Posted by Amod Lele in Philosophy of Language, Politics

≈ 4 Comments

Tags

21st century, Afua Hirsch, gender, Kimberlé Crenshaw, Peggy McIntosh, race

A few years ago I attempted to depict the new race/gender movement of the 2010s in a way as neutral, bland, and inoffensive as possible. I got strong pushback even on that much, with a denial that the movement even exists.

I knew that the movement I’m describing is highly resistant to being named. What I hadn’t expected was that even the acknowledgement of its existence is controversial. But I suppose that that controversy, at its heart, is tied to its resistance to being named: the movement tends to present its ideas as if they are just the common sense that everyone already believes, while at the same time demanding drastic and radical changes (open borders, “defund the police”).

Thus Afua Hirsch in the Guardian claims that the anti-woke “define themselves in opposition to an identity that doesn’t actually exist. They are anti-woke, even though there is no ‘woke’.” Some go so far as to claim that “woke” is a racial slur.

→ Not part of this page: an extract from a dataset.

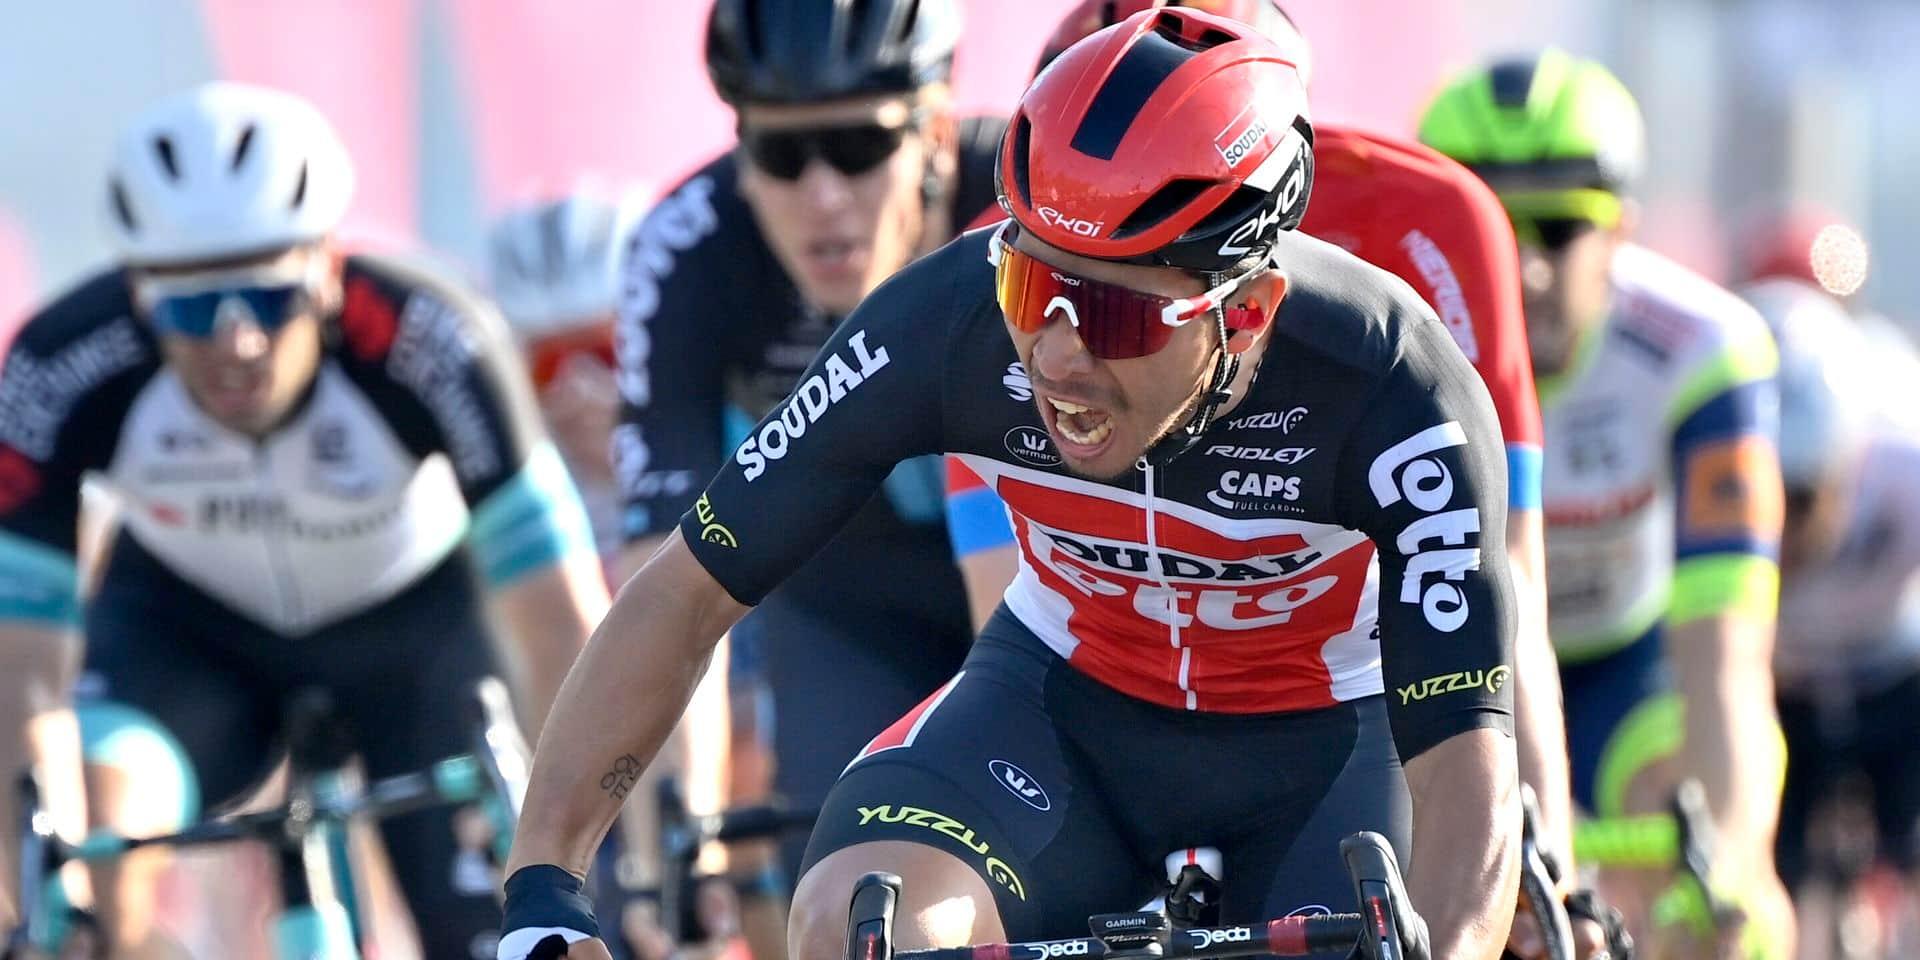 """Caleb Ewan veut gagner une étape sur les trois grands tours cette saison : """"Au Giro, le niveau des sprinteurs est très élevé"""""""

So, let’s get down to establishing a basic point: yes, whatever you call it or don’t call it, starting in the mid-2010s there has been a major radical movement around race and gender (including gender identity and sexual orientation), one which worked at length to limit public disagreement with it. You can support this movement or oppose it (or better yet support some parts of it and not others, as I do). But in the places where it has been influential (like North American universities or other educated urban enclaves), it has been such a powerful force that it makes no sense to deny its existence. You could more reasonably say it’s not one movement but a set of (real, existing) smaller ones – but I think there are good reasons to speak of it as one.